▸ **EXERCISE**:
Start to finish, print the data below exactly, without the images.

[Opening RECORDED DATA section]

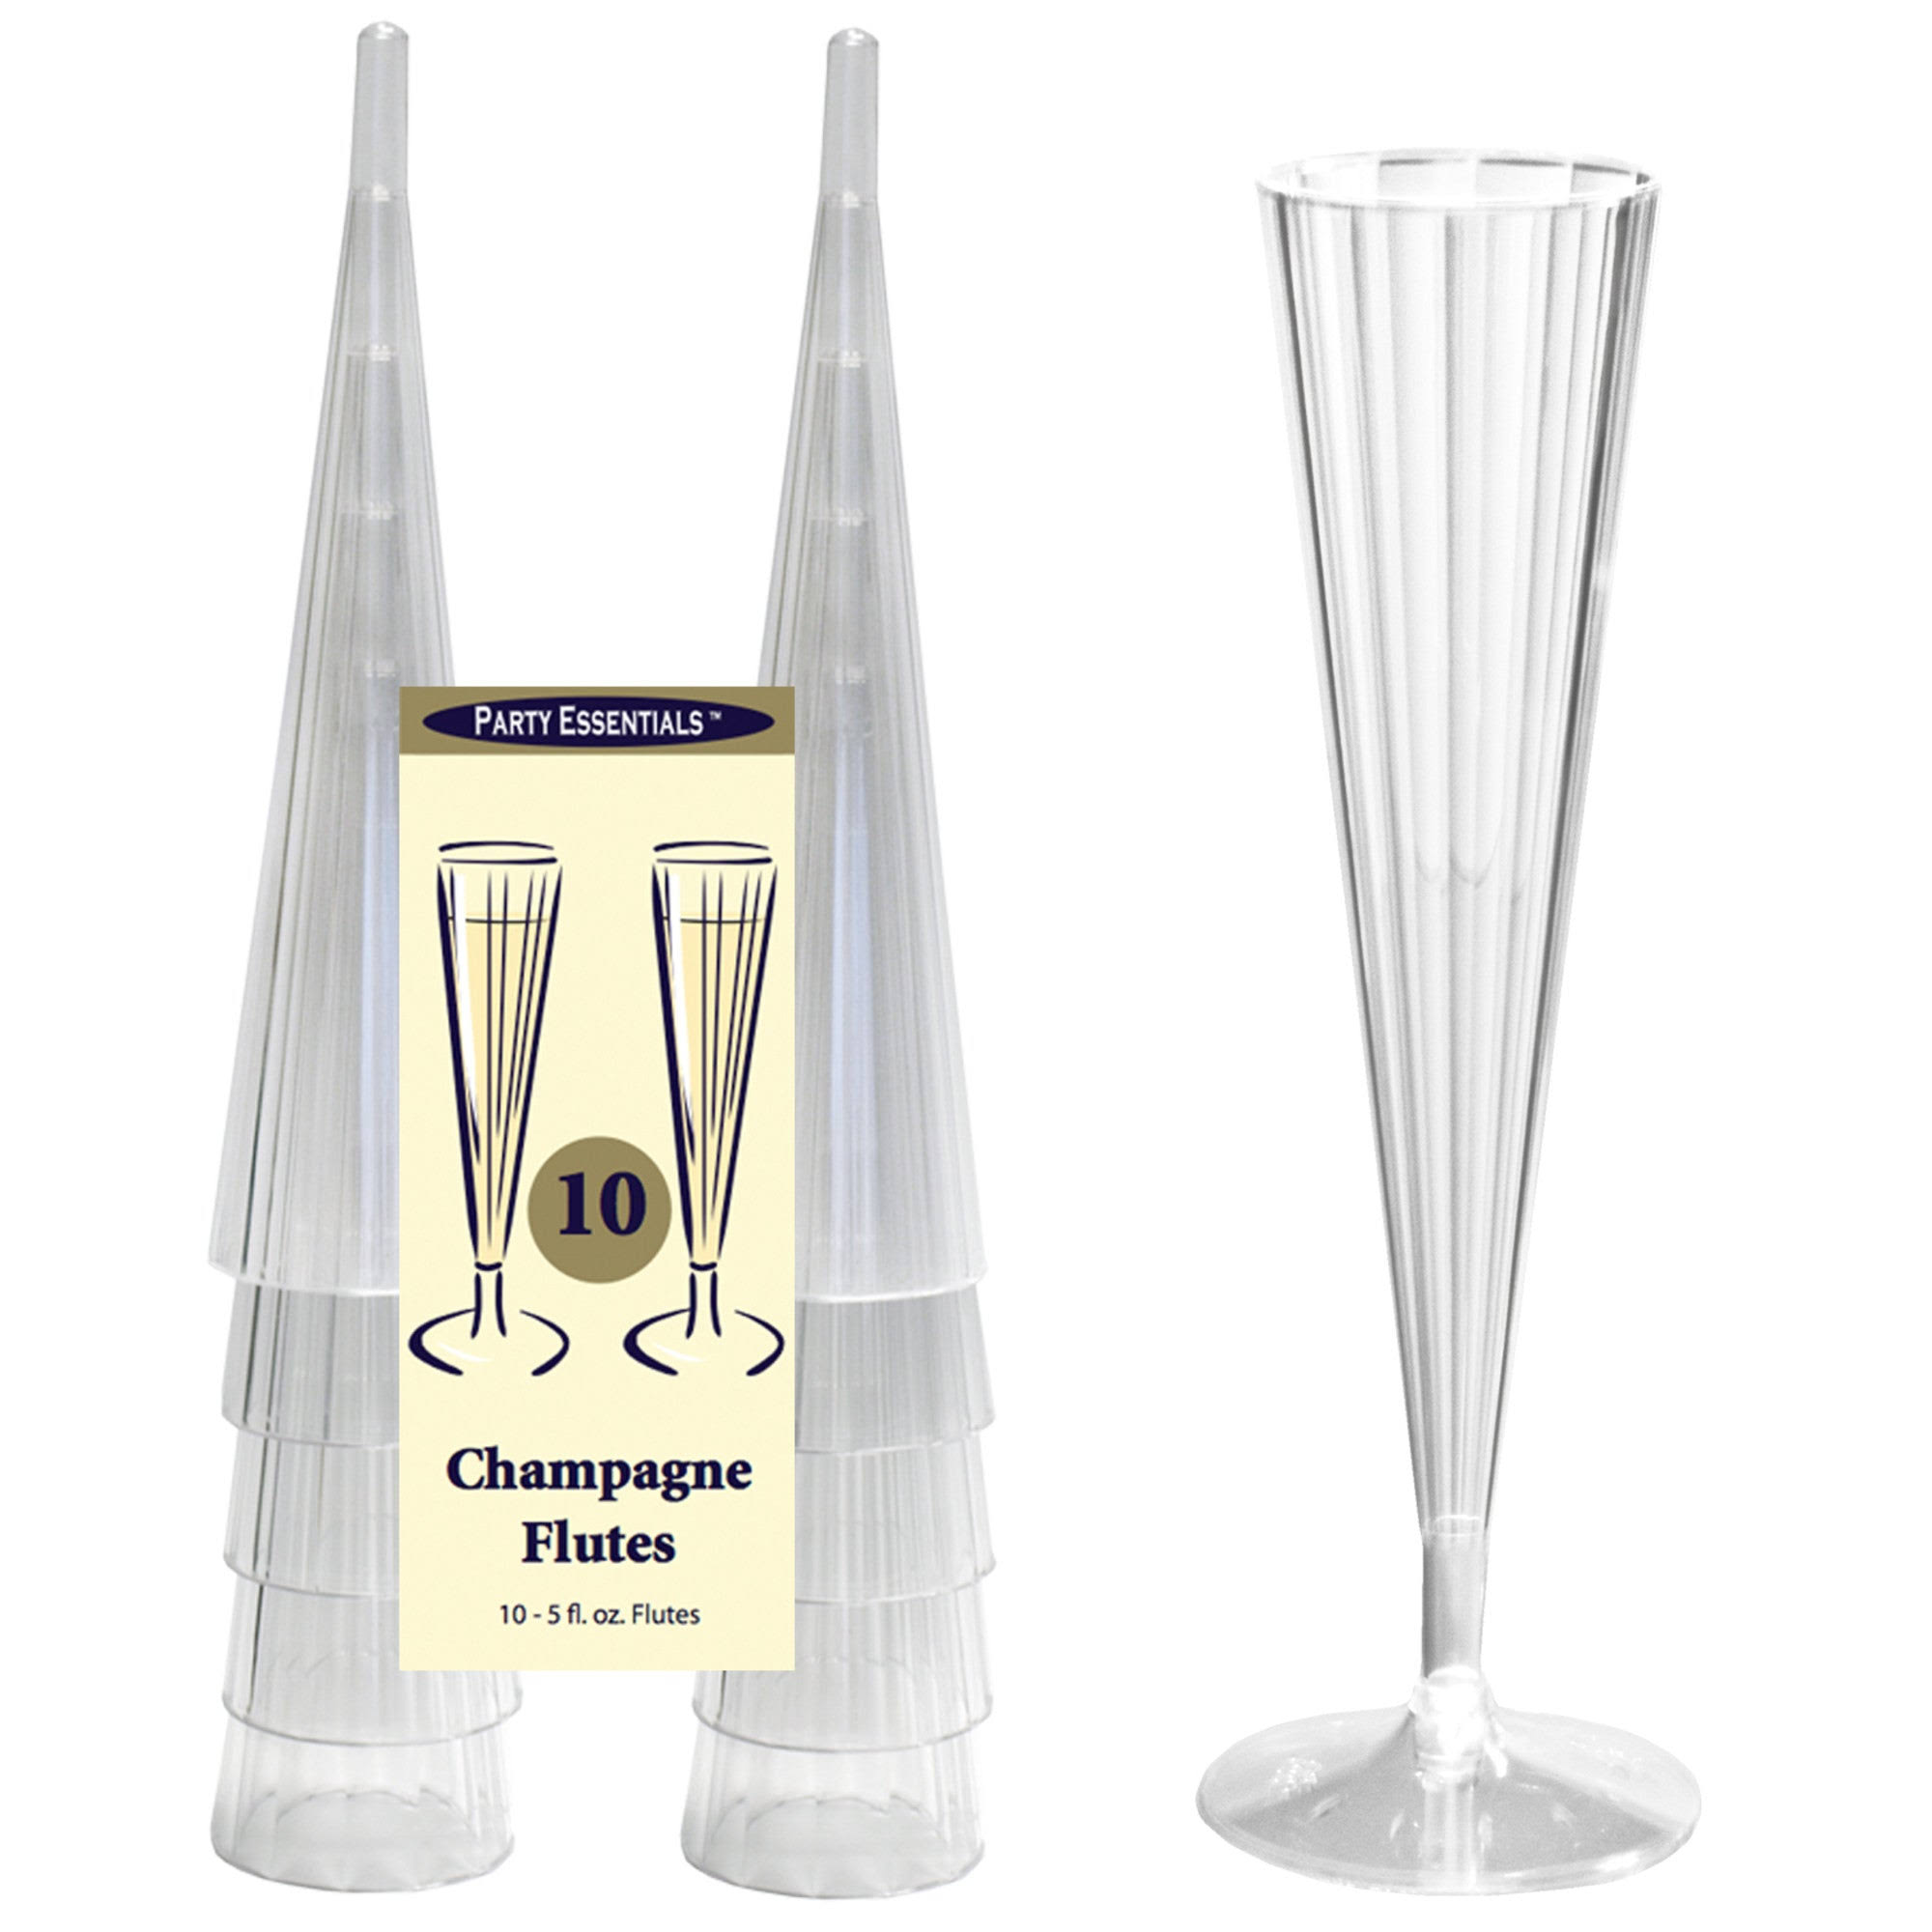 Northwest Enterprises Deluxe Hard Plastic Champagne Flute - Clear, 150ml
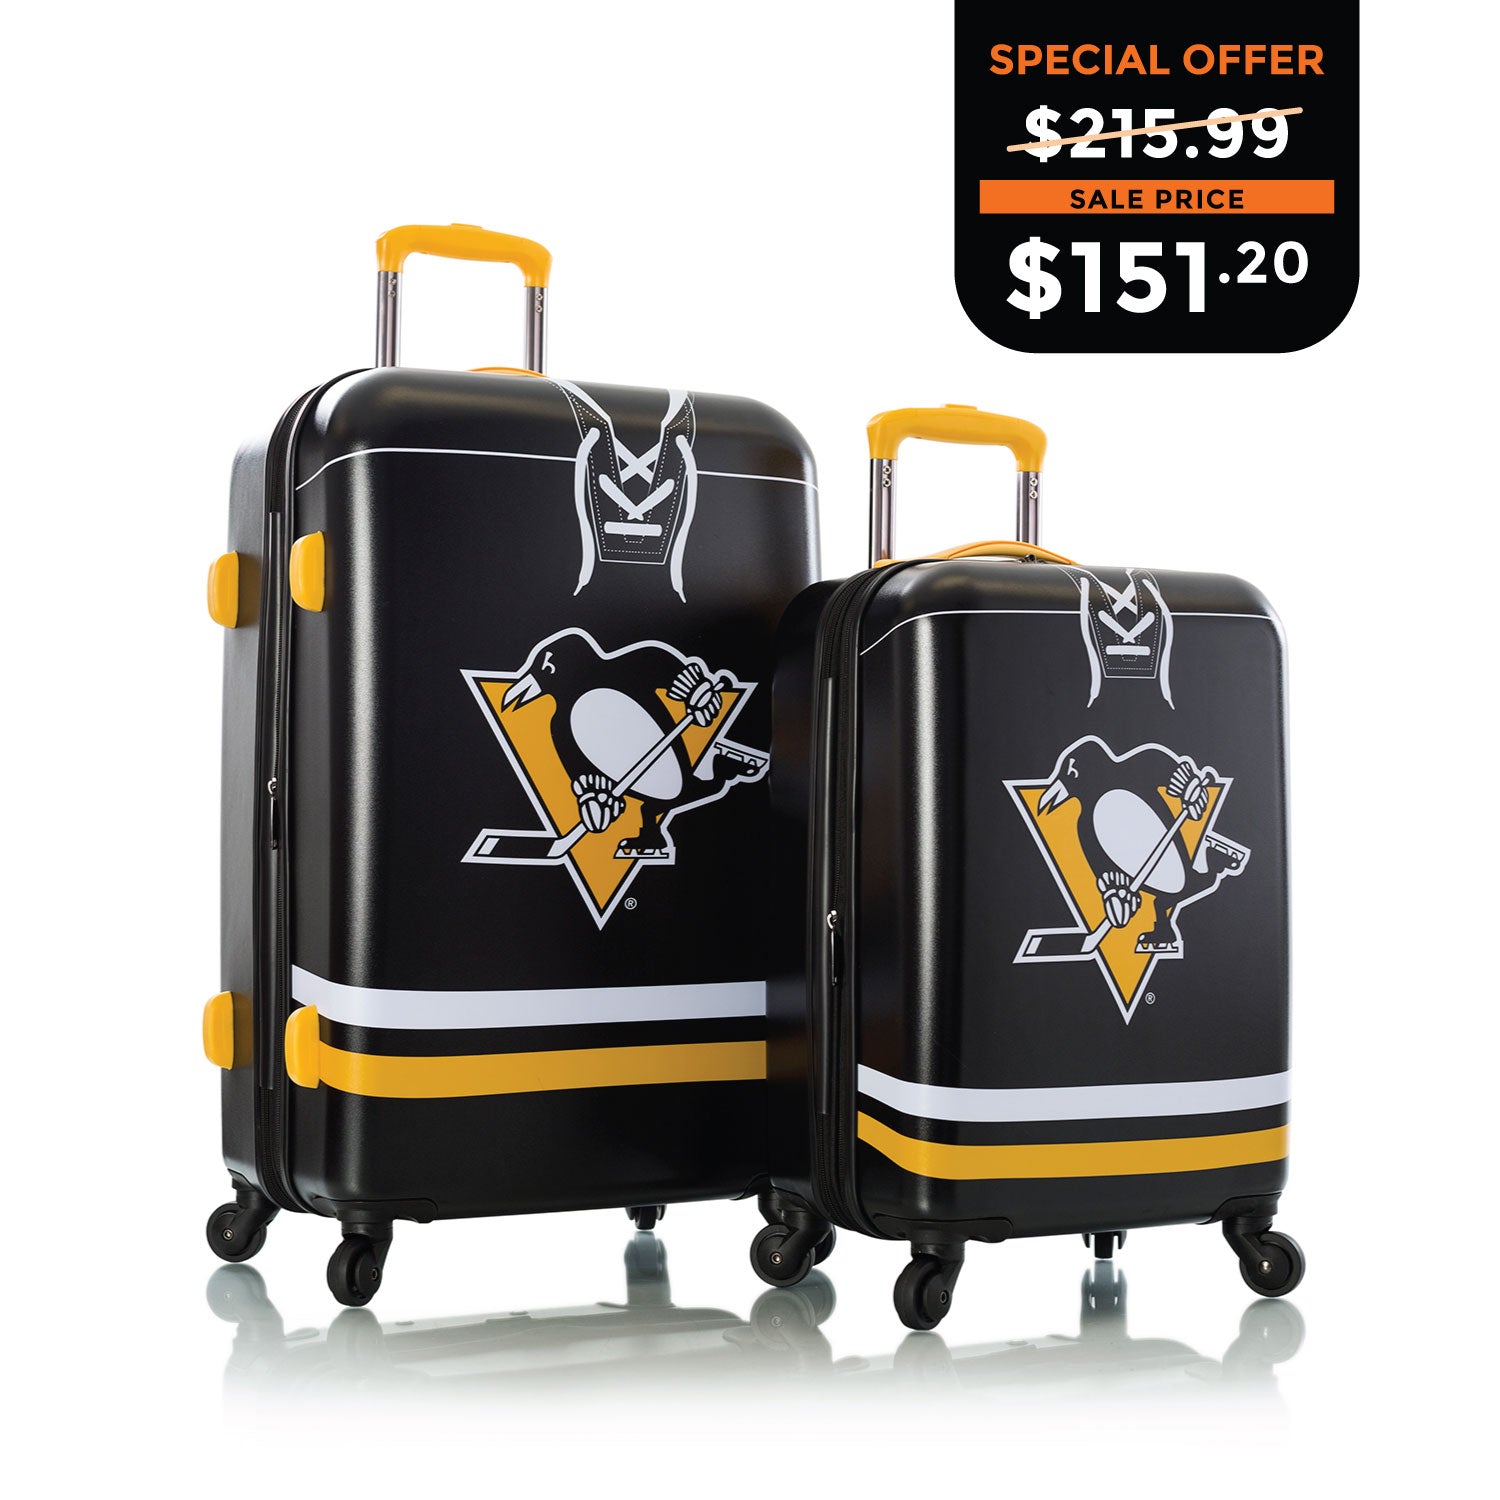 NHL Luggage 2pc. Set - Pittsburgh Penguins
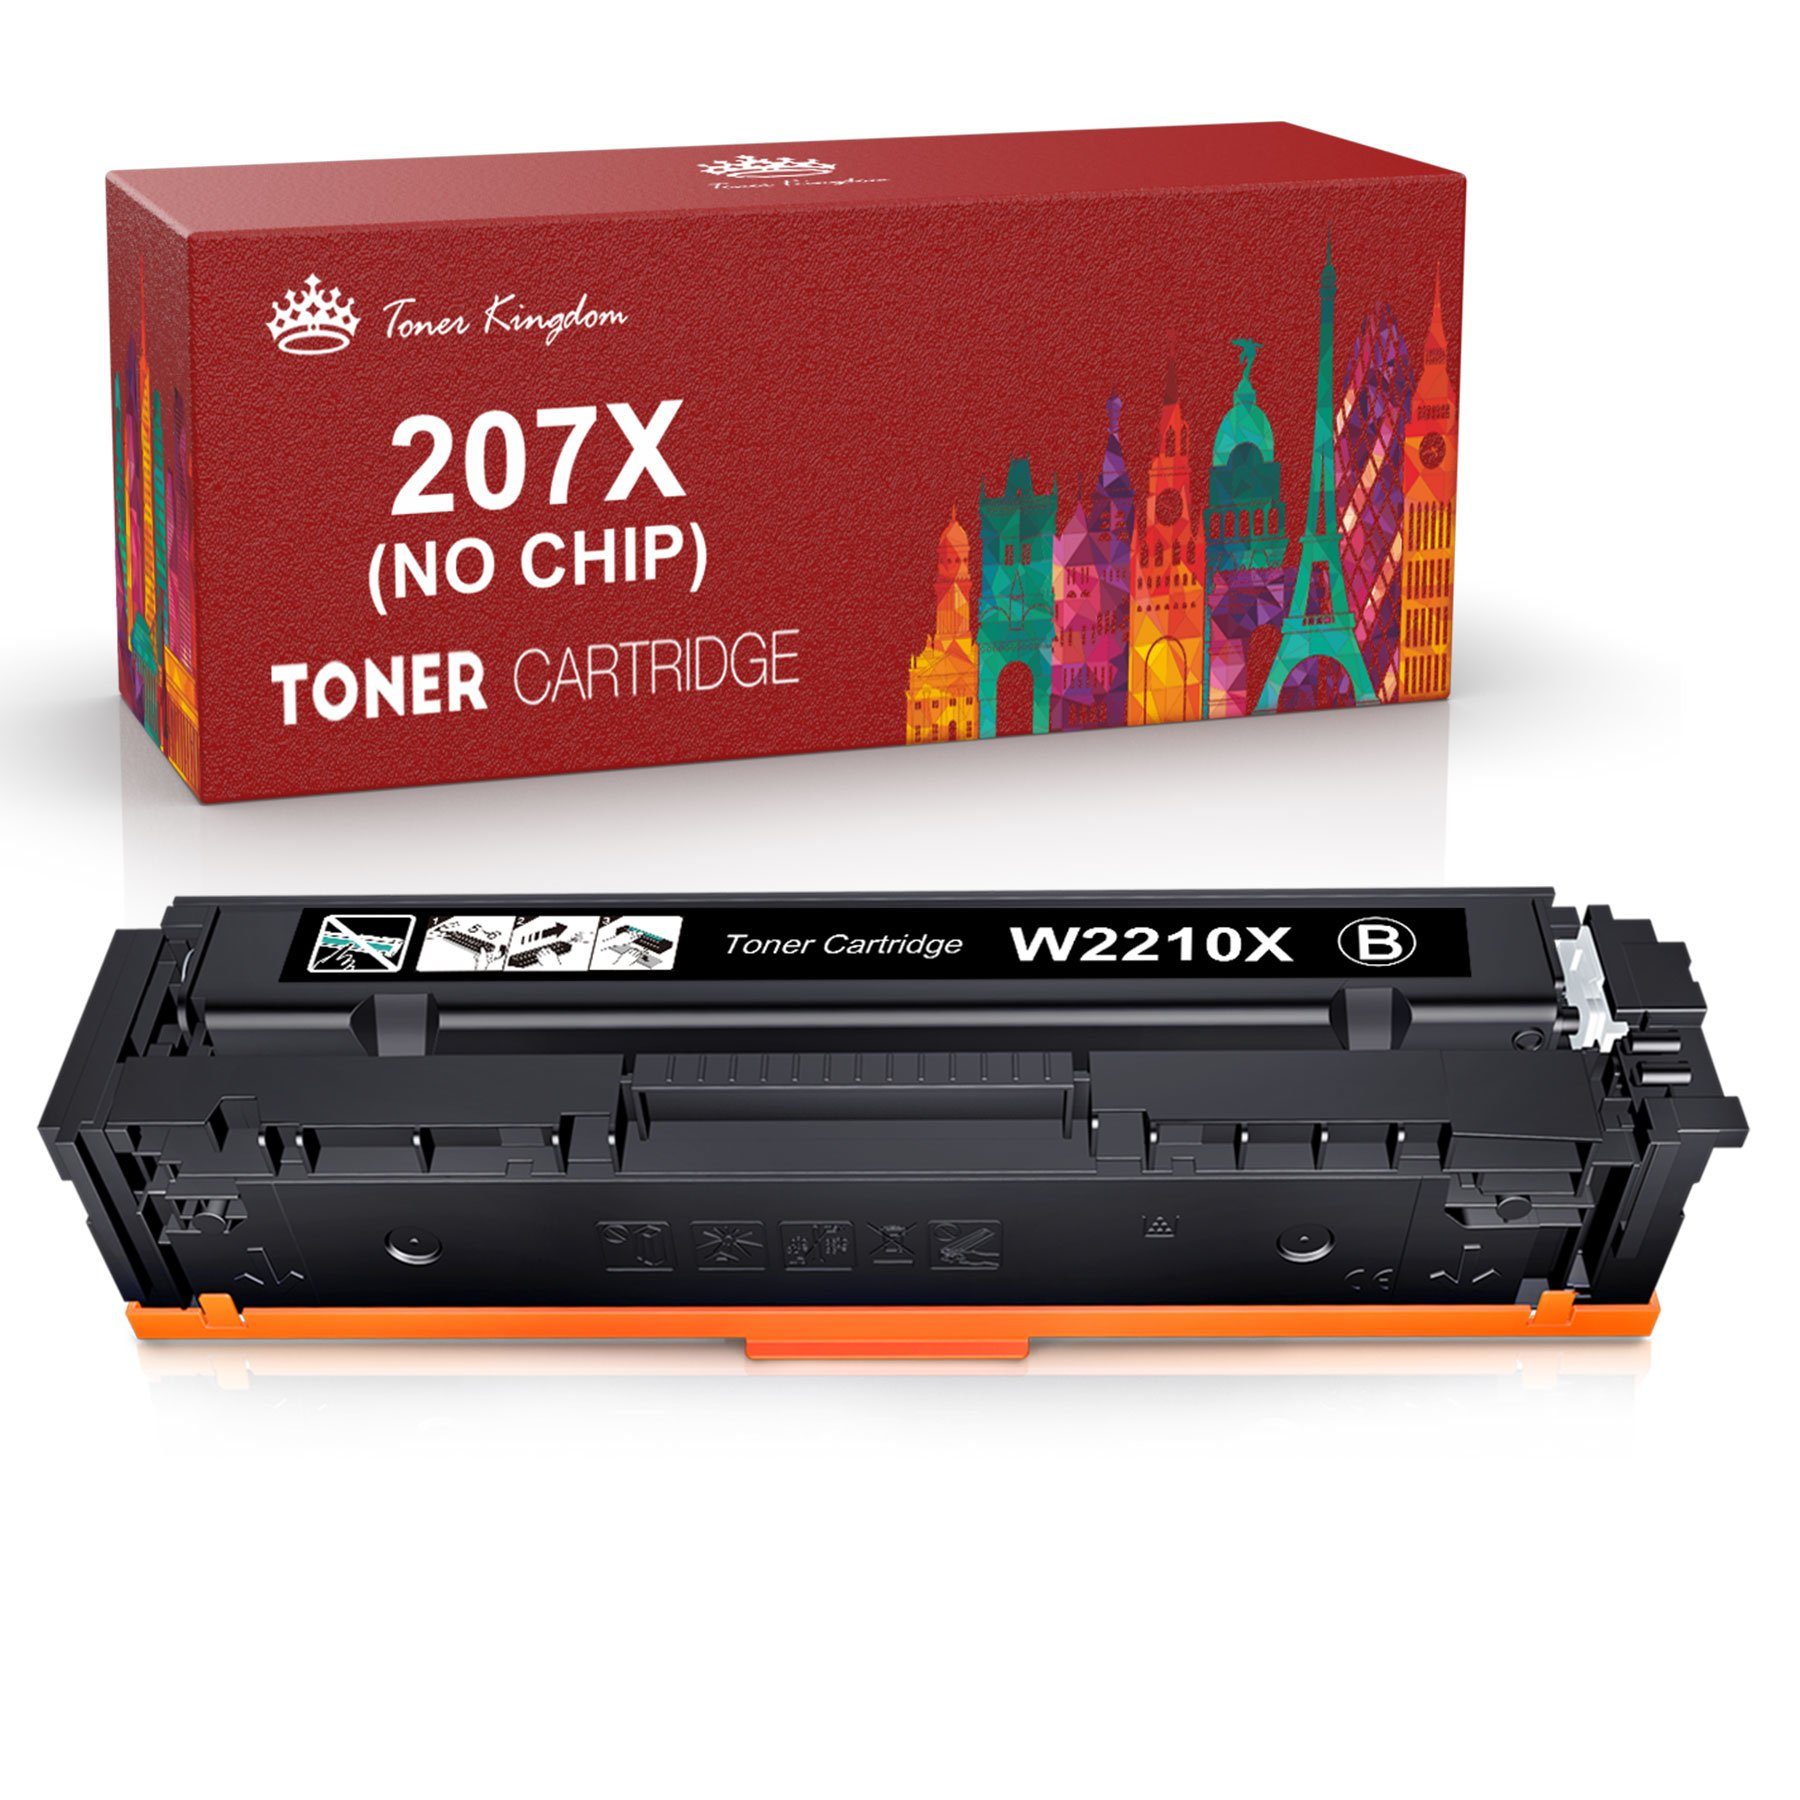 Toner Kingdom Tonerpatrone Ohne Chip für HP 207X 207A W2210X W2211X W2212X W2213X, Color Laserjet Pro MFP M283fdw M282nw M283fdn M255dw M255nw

[Closing RECORDED DATA section]

▸ **OUTPUT BELOW**:
 Northwest Enterprises Deluxe Hard Plastic Champagne Flute - Clear, 150ml
 NHL Luggage 2pc. Set - Pittsburgh Penguins
 Toner Kingdom Tonerpatrone Ohne Chip für HP 207X 207A W2210X W2211X W2212X W2213X, Color Laserjet Pro MFP M283fdw M282nw M283fdn M255dw M255nw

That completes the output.